Underlying Price% From SpotP&L at Expiration
$0.01-100.0%+$12,699.00
$29.98-77.9%+$9,701.80
$59.95-55.8%+$6,704.61
$89.93-33.7%+$3,707.41
$119.90-11.6%+$710.22
$149.87+10.6%-$800.00
$179.84+32.7%-$800.00
$209.81+54.8%-$800.00
$239.79+76.9%-$800.00
$269.76+99.0%-$800.00

When traders use long put on ASMH

Long puts on ASMH hedge an existing long ASMH etf position or express a bearish view with defined risk; position sizing typically scales the put notional to the underlying ASMH exposure being hedged.

ASMH thesis for this long put

The market-implied 1-standard-deviation range for ASMH extends from approximately $109.48 on the downside to $161.64 on the upside. A ASMH long put expresses a directional view that the underlying closes below the strike minus premium at expiration, frequently sized to hedge an existing long ASMH position with one put per 100 shares held. As a Financial Services name, ASMH options can move on sector-level news flow (peer earnings, regulatory updates, industry-specific macro data) in addition to ASMH-specific events.

ASMH long put positions are structurally bearish; the modeled P&L assumes European-style exercise at expiration and ignores early assignment, transaction costs, dividends paid before expiry on the stock leg (when present), and the bid-ask spread on the listed chain. ASMH positions also carry Financial Services sector concentration risk; news flow inside the sector (peer earnings, regulatory shifts, supply-chain headlines) can move ASMH alongside the broader basket even when ASMH-specific fundamentals are unchanged. Long-premium structures like a long put on ASMH are particularly exposed to IV-crush risk through scheduled events (earnings, FDA decisions, central-bank meetings) where IV typically contracts post-event regardless of the directional outcome. Always rebuild the position from current ASMH chain quotes before placing a trade.

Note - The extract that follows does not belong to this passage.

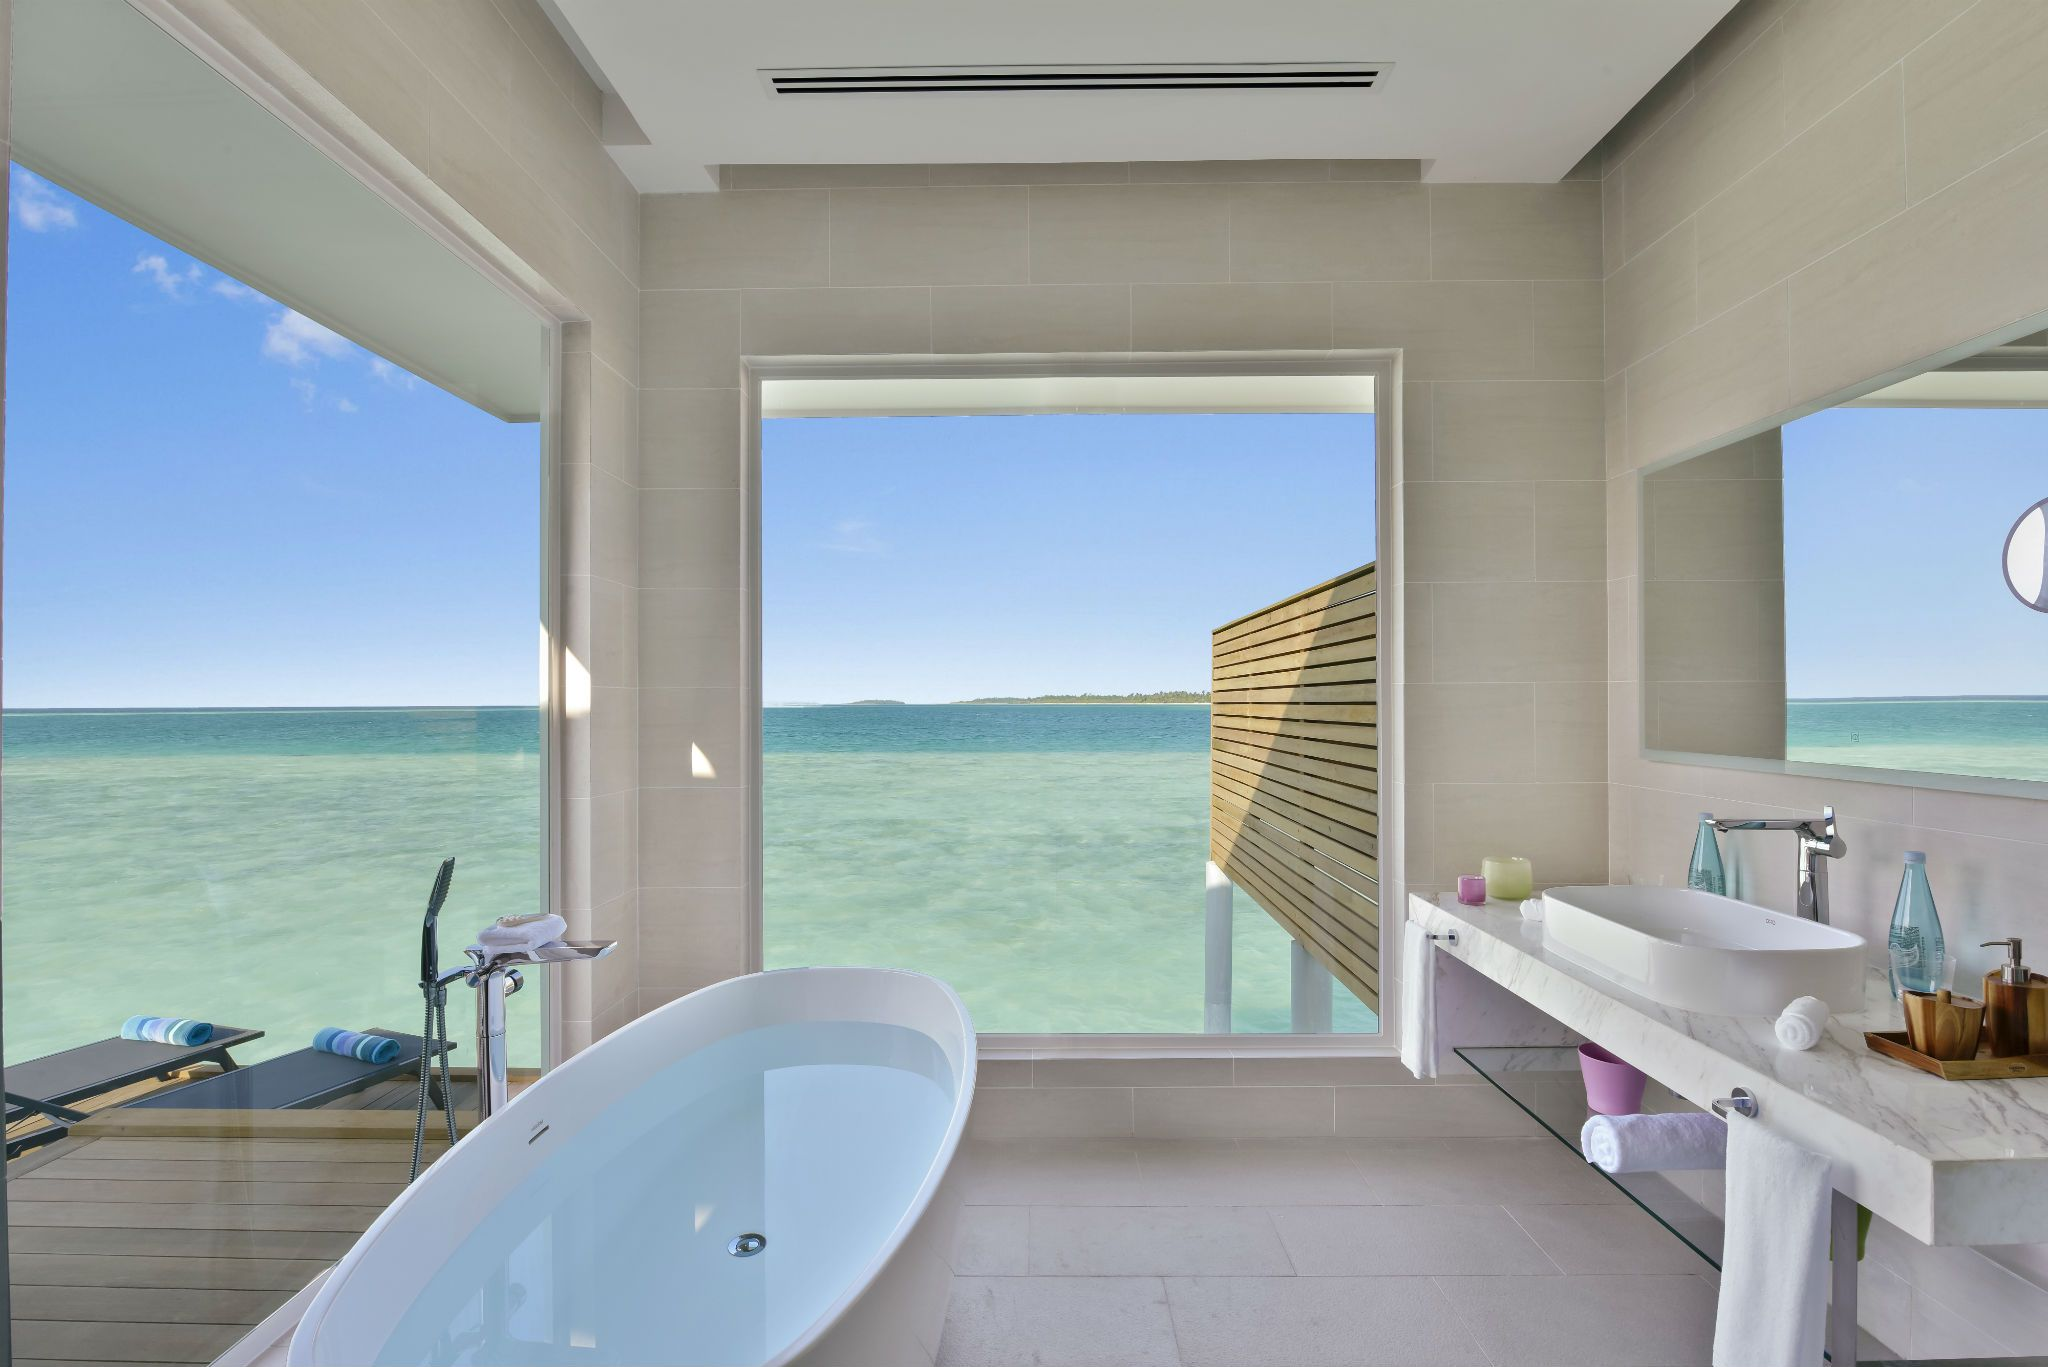 Bathtub views - 18 luxury bathrooms with incredible views

Frequently asked questions

What is a long put on ASMH?
A long put on ASMH is the long put strategy applied to ASMH (etf). The strategy is structurally bearish: A long put buys downside exposure with a fixed maximum loss equal to the premium paid; profit accrues if the underlying closes below the strike minus premium at expiration. With ASMH etf trading near $135.56, the strikes shown on this page are snapped to the nearest listed ASMH chain strike and the premiums come straight from the end-of-day bid/ask midpoint.
How are ASMH long put max profit and max loss calculated?
Max profit equals the strike minus premium times 100 (reached at zero); max loss equals the premium times 100. Breakeven is strike minus premium. For the ASMH long put priced from the end-of-day chain at a 30-day expiry (ATM IV 67.10%), the computed maximum profit is $12,699.00 per contract and the computed maximum loss is -$800.00 per contract. Live intraday quotes will differ as the chain moves through the trading session.
What is the breakeven for a ASMH long put?
The breakeven for the ASMH long put priced on this page is roughly $127.00 at expiration, derived from end-of-day chain premiums. Breakeven is the underlying price at which the strategy's P&L crosses zero ignoring transaction costs and assignment risk. The current ASMH market-implied 1-standard-deviation expected move is approximately 19.24%; if the move sits well outside the breakeven distance, the structure's risk-reward becomes correspondingly tighter.
When should you consider a long put on ASMH?
Long puts on ASMH hedge an existing long ASMH etf position or express a bearish view with defined risk; position sizing typically scales the put notional to the underlying ASMH exposure being hedged.
How does current ASMH implied volatility affect this long put?
Current ASMH ATM IV is 67.10%; IV rank context is unavailable in the current snapshot.